Th182 - Testing of Multi-Omics System Vaccinology Approaches on Pertussis Vaccine Dataset

Thursday, June 26, 2025

7:30am - 7:45pm East Coast USA Time

AG

Aanya Gupta, Intern

Stanford University
San Jose, California, United States
Holden T. Maecker, Dr., PhD

Professor (Research)
Stanford University
Stanford, California, United States

Abstract Text: New algorithms MOFA and Stabl represent approaches that resolve issues in analyzing complex, heterogeneous datasets by isolating key biological features that explain variability and outcomes of subjects in a dataset. In this project, MOFA and Stabl were applied to data for pertussis vaccines (CMI-PB dataset) to predict the rankings of values for biological features at specific timepoints post-booster vaccination in 2023, using data from 2020-2022. The datasets included cell frequency, gene expression, cytokine and chemokine concentrations, antigen-specific antibody measurements, and T cell polarization and activation.

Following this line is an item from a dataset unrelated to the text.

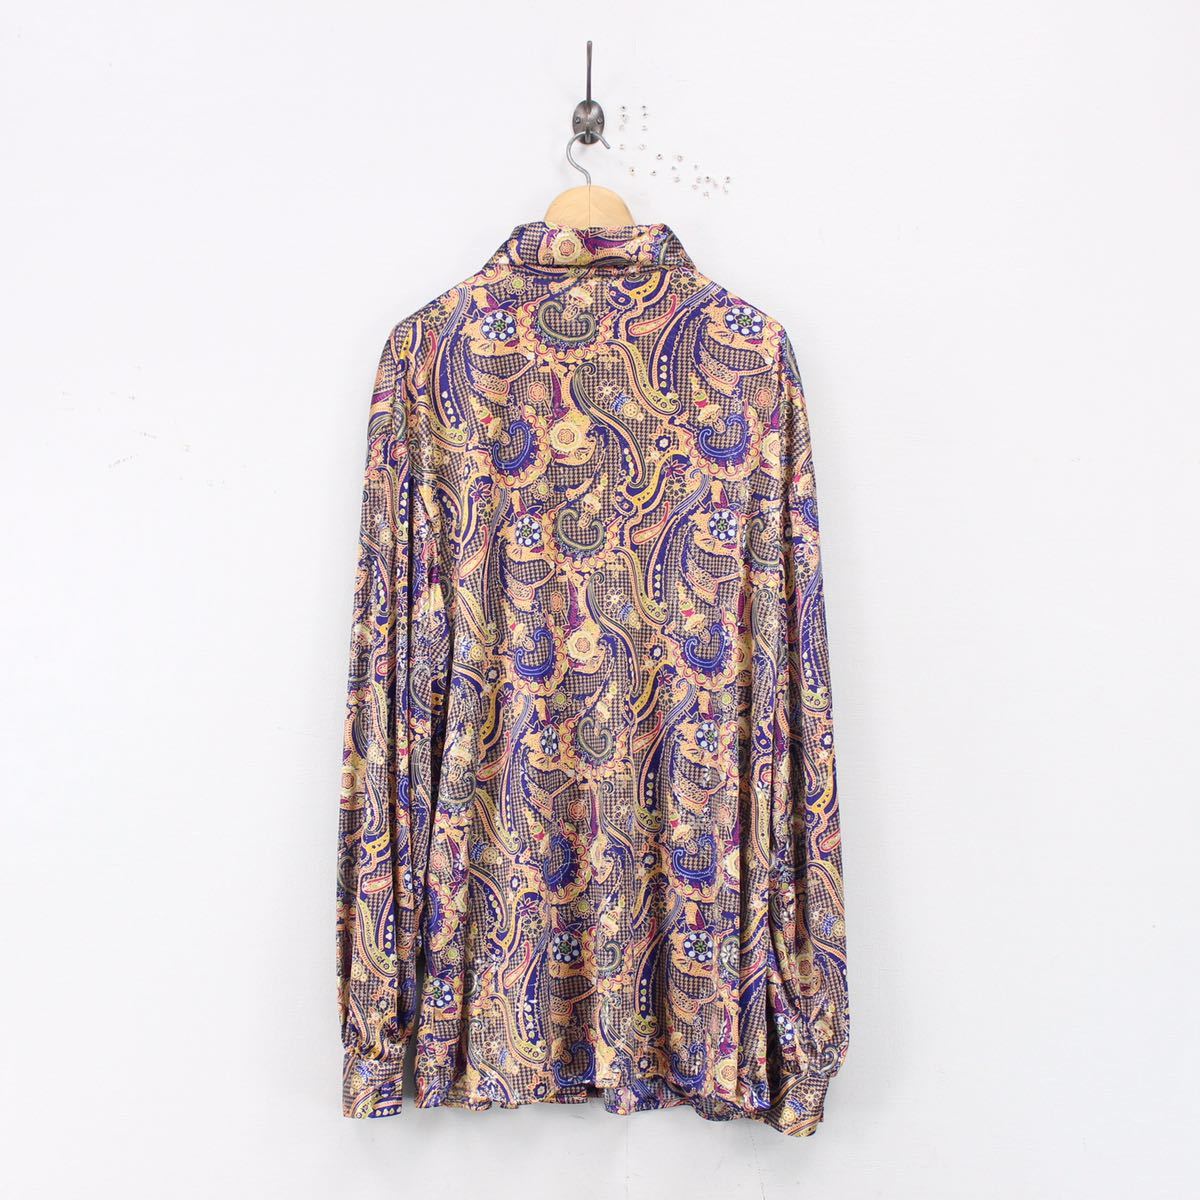 USA VINTAGE orare PAISLEY PATTERNED DESIGN SHIRT MADE IN USA/アメリカ古着ペイズリー柄デザインシャツ_画像6

MOFA used dimensionality reduction and ignored missing values to compute latent factors with weighted features, while Stabl filtered features with high missing values, implementing a KNN imputer before finding the most prominent features across models with different regularization strengths. Both effectively predicted IgG antibody levels against pertussis toxin on Day 14 with MOFA (Spearman correlation ⍴ = 0.387) identifying the baseline value, HSP90AB1, and RIPOR2 and Stabl (⍴ = 0.384) using CHI3L2, USF1, and interleukin-6. Additionally, Stabl (⍴ = 0.172) performed especially well in predicting frequency of Monocytes on Day 1, with monocytes and classical monocytes. Finally, MOFA (⍴ = 0.371) excelled on the difficult task of predicting Th1/Th2 (IFN-γ/IL-5) polarization ratio on Day 30, leveraging the baseline value, IgG against filamentous hemagglutinin (both of which Stabl highlighted as well), and interleukin-17A. Overall, our exploration provides guidance and displays the benefits of using MOFA and Stabl to find the best predictive cell subsets and features for understanding large immunological multi-omics data.